1Hospital for Special Surgery, New York, NY, United States, 2MR Applications and Workflow, GE Healthcare, Waukesha, WI, United States

Synopsis

MAVRIC SL, a multi-spectral MRI imaging sequence, reduces metallic susceptibility artifact to improve visualization near joint arthroplasty by acquiring 24 spectral bins of off-resonance data. Many implants require fewer bins, and this study uses a calibration scan to determine the number of bins necessary to permit an isotropic MAVRIC acquisition and a reduced TR isotropic MAVRIC acquisition. The isotropic MAVRIC images decreased blurring and improved visualization of the periprosthetic bone and synovium while retaining image quality. Lowering the TR decreased scan time but affected image interpretation. Isotropic MAVRIC acquisitions may improve the diagnostic capability of MAVRIC SL images.

Introduction

MAVRIC SL (MVSL) is a novel 3D multi-spectral image acquisition that reduces metallic susceptibility artifact and improves visualization of soft tissues surrounding total joint arthroplasty. It acquires data from 24 frequency bins (± 12 kHz) offset from the central hydrogen frequency, and the data are combined to generate output images (1). Acquiring a full set of data from 24 bins is excessive for weaker susceptibility orthopaedic implants that create smaller frequency dispersions (2). The number of bins necessary for adequate spectral coverage of a specific implant can be determined through a short spectral calibration scan (2), and the time savings can be used to acquire thinner slices with isotropic voxels (3). Scan times may be further reduced by decreasing the TR to a minimum value determined by the scanner based on the spectral calibration scan. This study expands upon previous work (3) that evaluated isotropic MAVRIC SL images to also include an isotropic MAVRIC SL acquisition with a scanner defined TR. The results will further elucidate the clinical benefit of isotropic acquisitions.

Methods

This study was IRB approved. 47 patients (49 total hip arthroplasties) were enrolled: 20M/27F, 67.7 ± 10.4 y.o.. Images were generated using a clinical 1.5T scanner (GE Healthcare) with an 8 channel cardiac coil (Invivo). A calibration scan determined the number of spectral bins needed (2) (Matrix:128x32x24, TE/TR:7.2ms/1.4s, slice thickness:6mm, FOV:36-40cm, ETL:16, scan time:~35s).
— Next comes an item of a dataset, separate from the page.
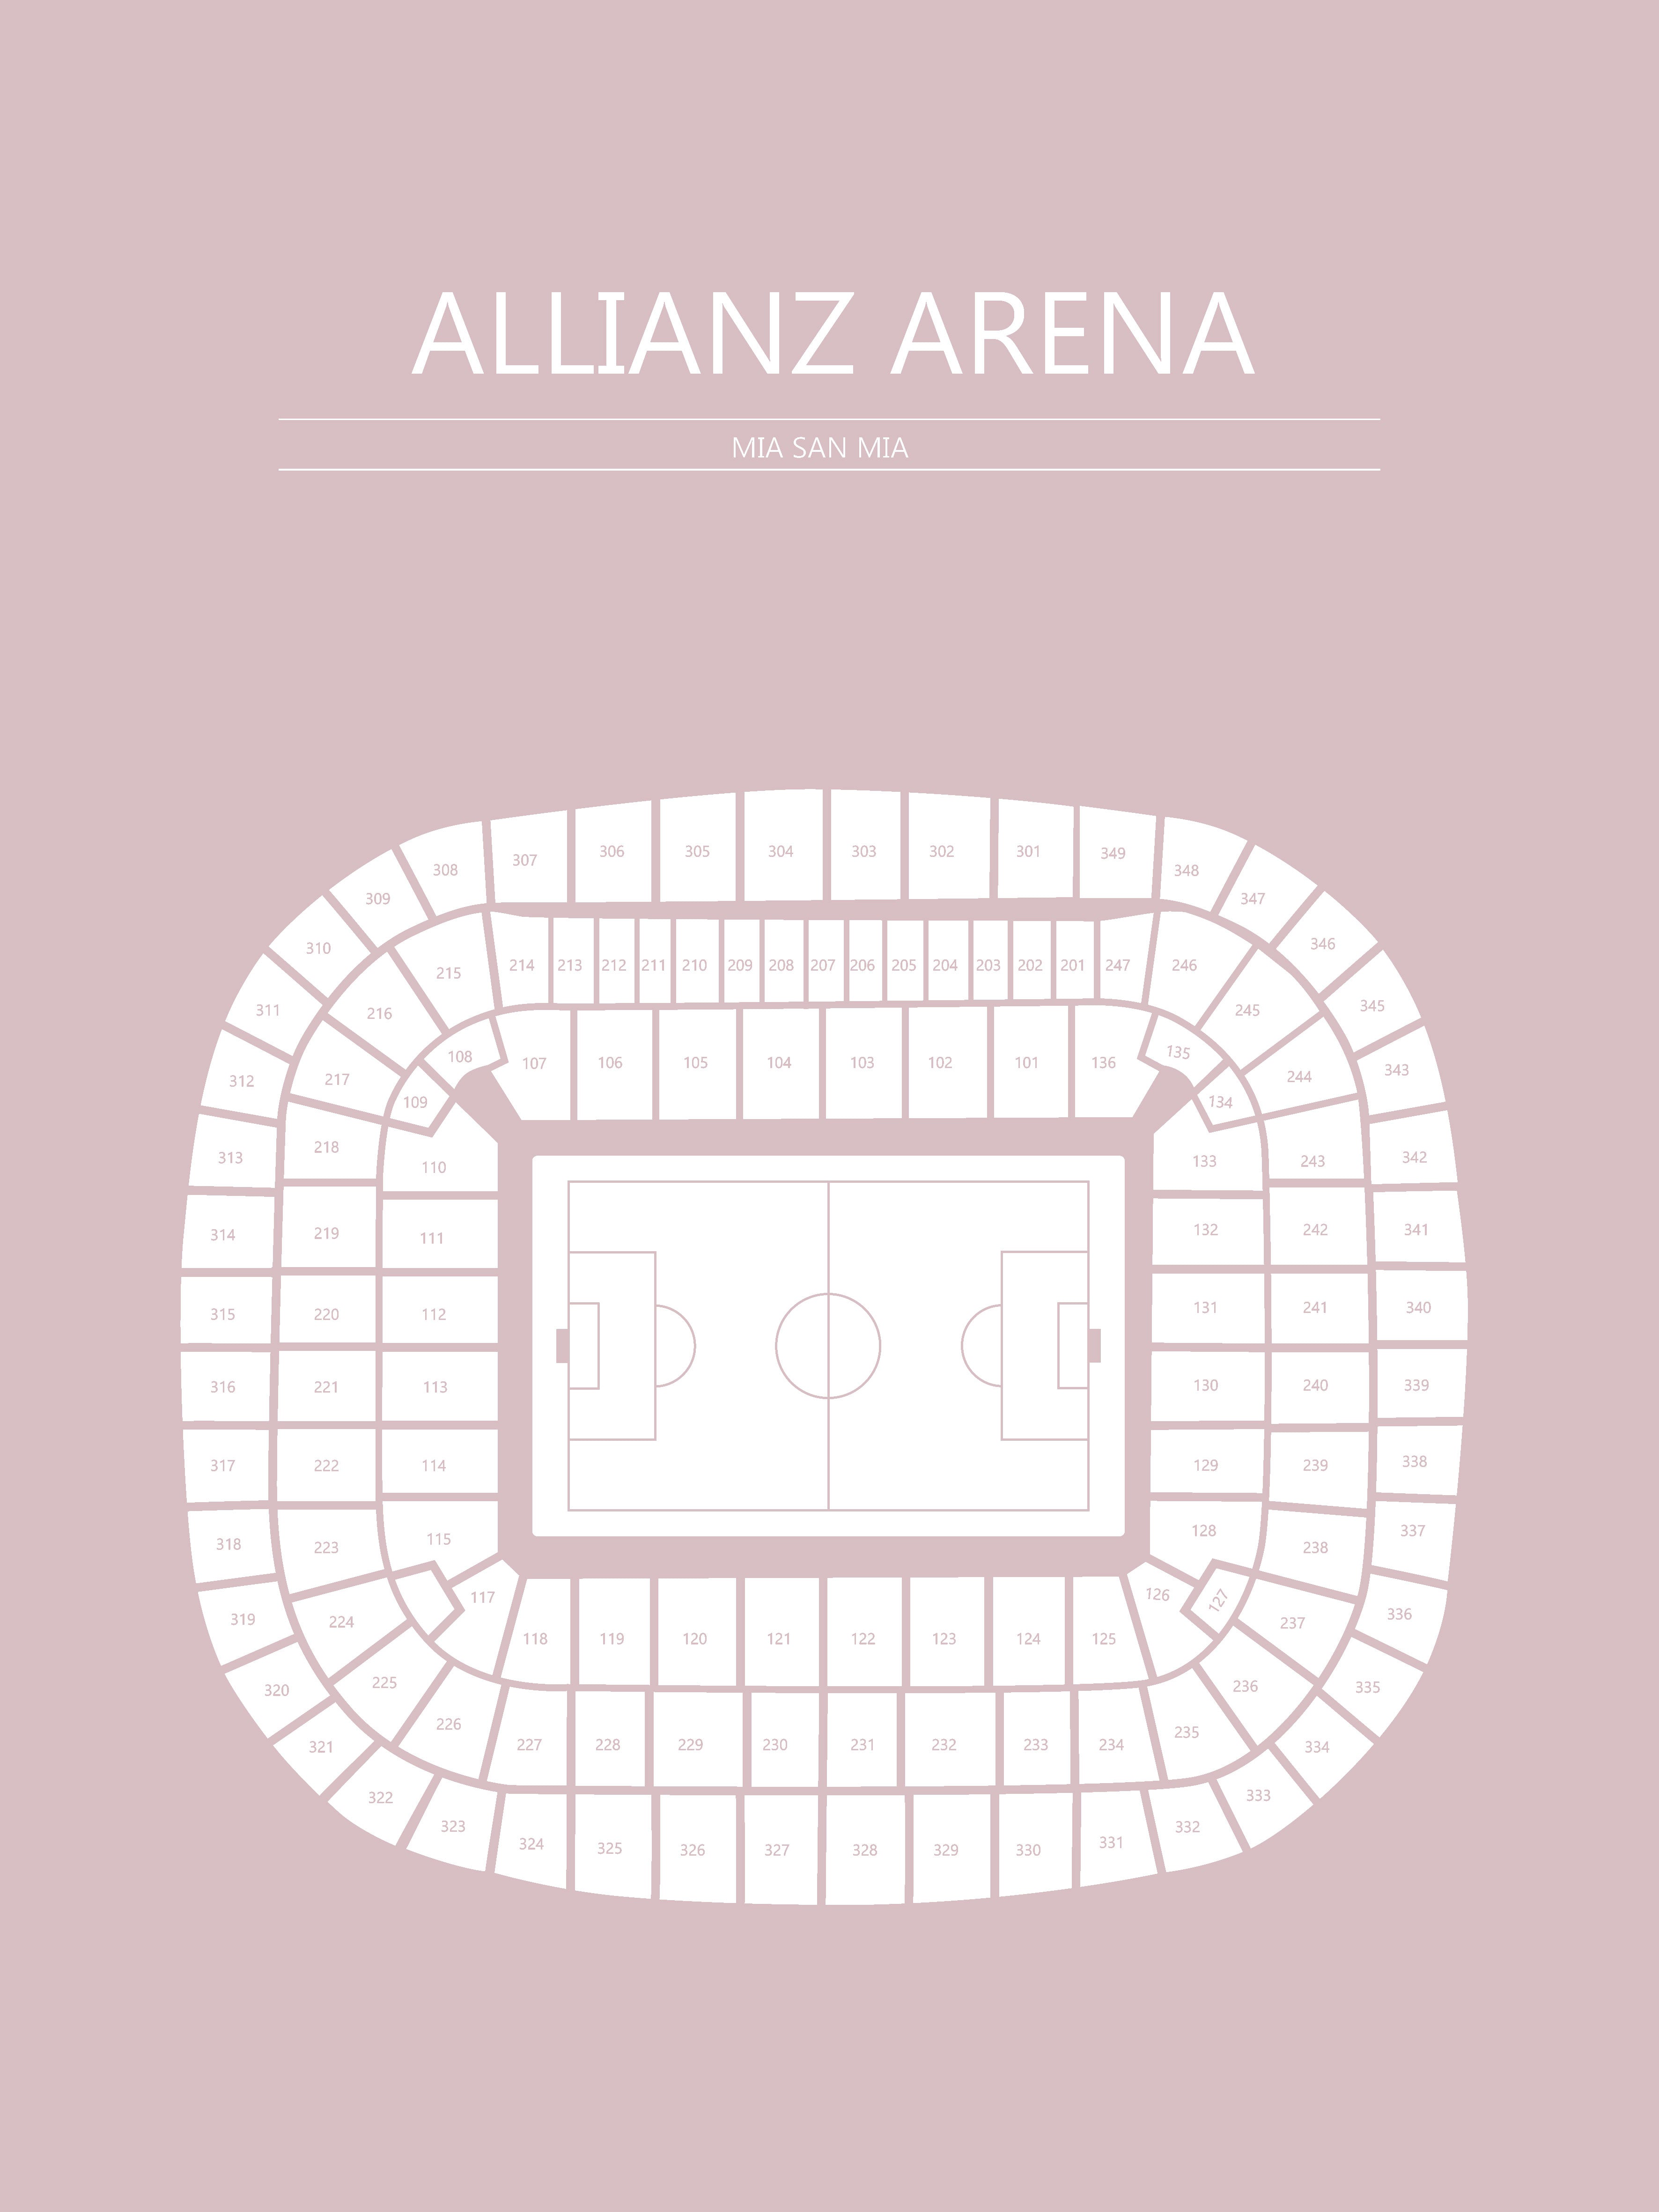 Fodbold plakat Bayern München Allianz Arena Lyserød

A 3D MAVRIC SL series (MVSL, TE/TR:8/4500ms, BW:±125kHz, FOV:38-44cm, Matrix:512x256, Slice Thickness:3.5mm, ETL:24, NEX:0.5) and an isotropic MAVRIC series (MVISO, TE/TR:8/3000ms, BW:±125kHz, FOV:38-44cm, voxel size:1.3mm3, ETL:48, NEX:0.5) were acquired. Additionally, an isotropic AutoTR MAVRIC SL series (AUTOMVISO) was acquired for 10 hips. The parameters for the AUTOMVISO were identical to the MVISO but used a scanner defined minimum TR to be within the range of 2500-3500ms.
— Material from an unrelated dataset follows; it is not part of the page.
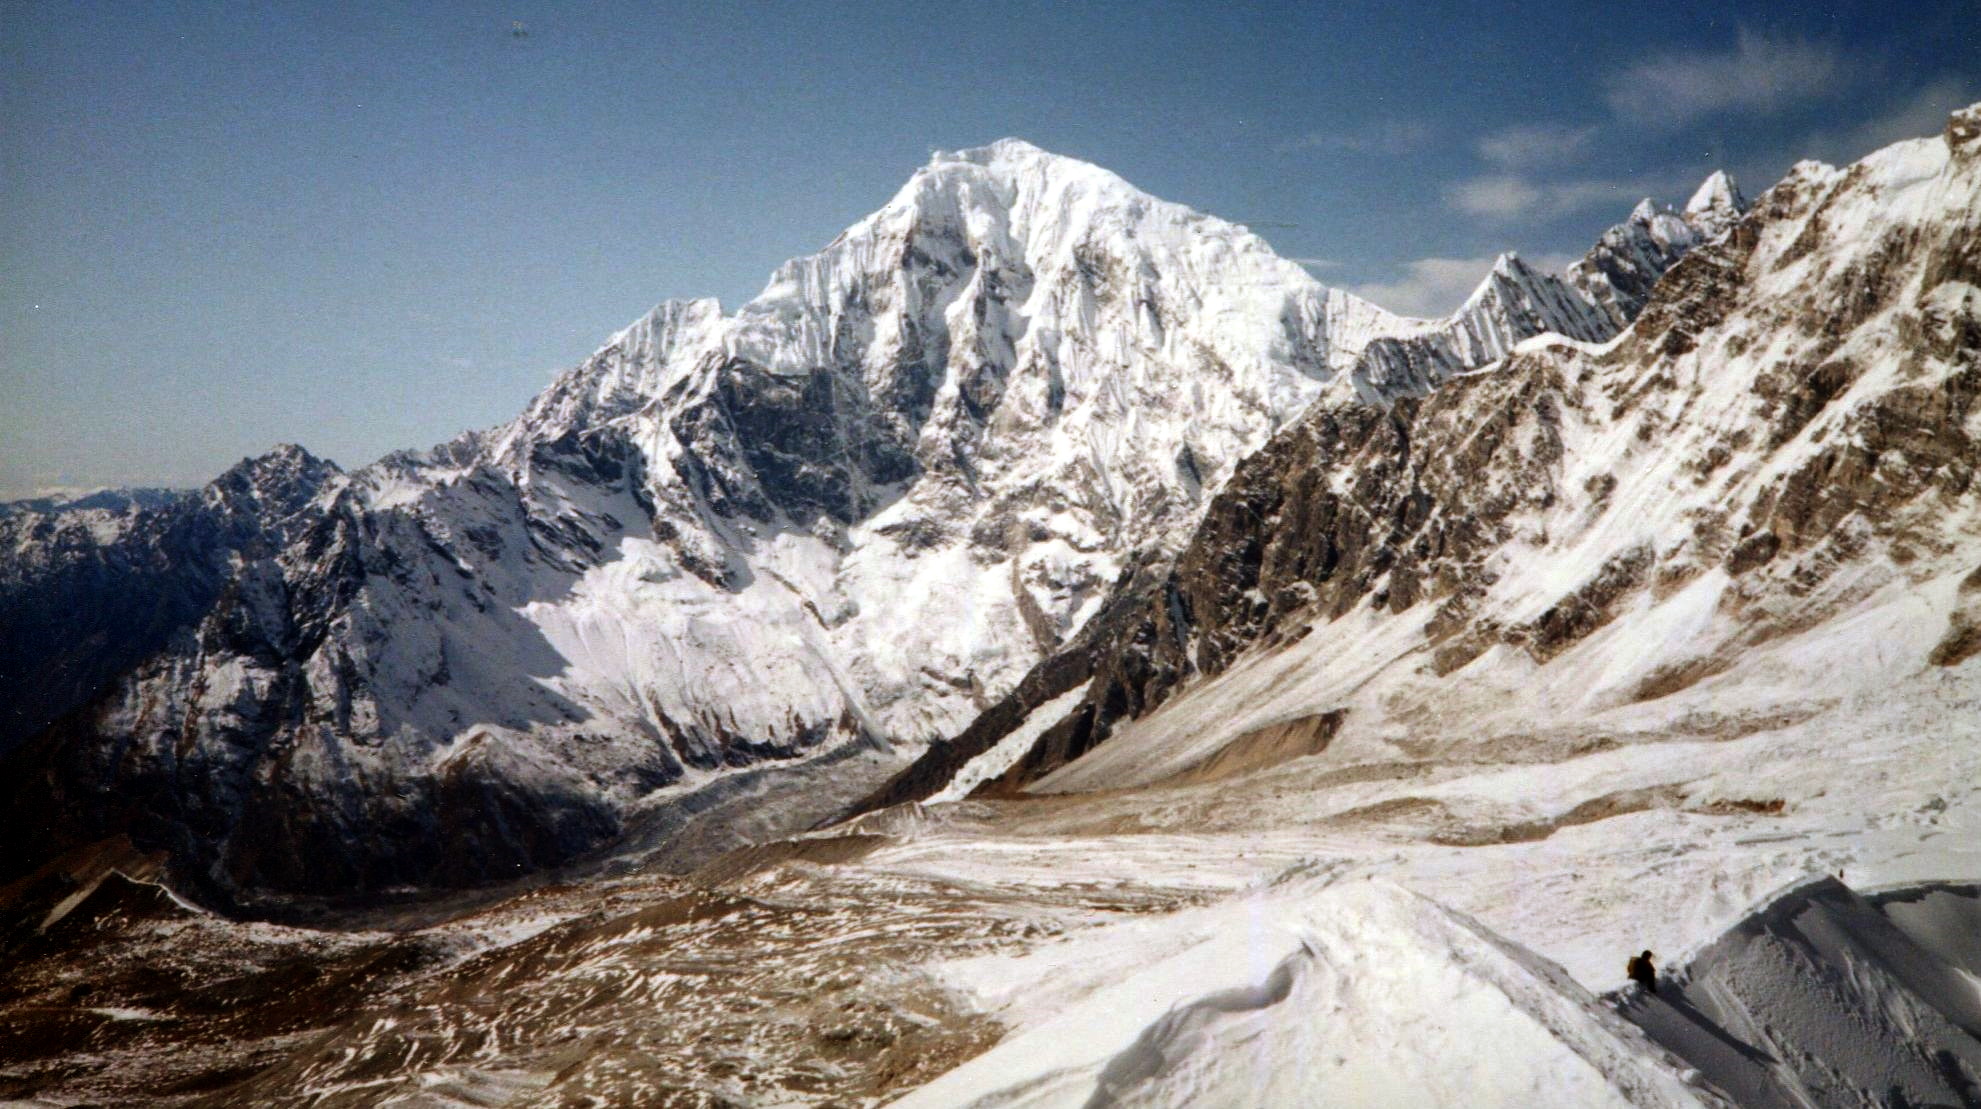 Mt.Langtang Lirung from Yala Peak

Images were blinded and individually evaluated by 2 board certified radiologists for the presence of low signal intensity deposits, osteolysis, loosening, and synovial response classification. Images were also evaluated qualitatively for lesion conspicuity, tissue contrast, blurring, artifact pile-up, visualization of the synovium and periprosthetic bone, and overall quality. Grades were assigned using the scale: 1-poor/severe, 2-decent/moderate, 3-good/mild-none. Image quality among the three image acquisitions was compared using a mixed effects ordinal logistic regression model. Inter/intra-rater agreement across images was determined using Gwet’s agreement coefficient (AC1 for unweighted and AC2 for ordinal weighted agreement). Mean scan times were estimated, and significance was set at p<0.05.

Results

The spectral calibration scan enabled the use of fewer bins (median: 14, range: 6-20). Mean AUTOMVISO scan times (5m33s±13s) were similar to MVSL scan times (5m51s±6s), and both were shorter than MVISO scan times (7m28s±6s, p<0.001). The radiologists had substantial to almost perfect inter-rater agreement for each image acquisition for a majority of clinical outcomes (16/21, 76%) and image quality outcomes (18/21, 86%, Tables 1,2). Inter-reader agreement of image quality outcomes depended on the type of acquisition, with reduced agreement found for conspicuity of lesion, blurring, and visualization of synovium and periprosthetic bone (Table 2) for MVSL images. Inter-reader clinical outcomes also depended on the acquisition, with reduced agreement found for synovial impression, presence of osteolysis, and detection of peri-acetabular osteolysis for AUTOMVISO imaging (Table 1).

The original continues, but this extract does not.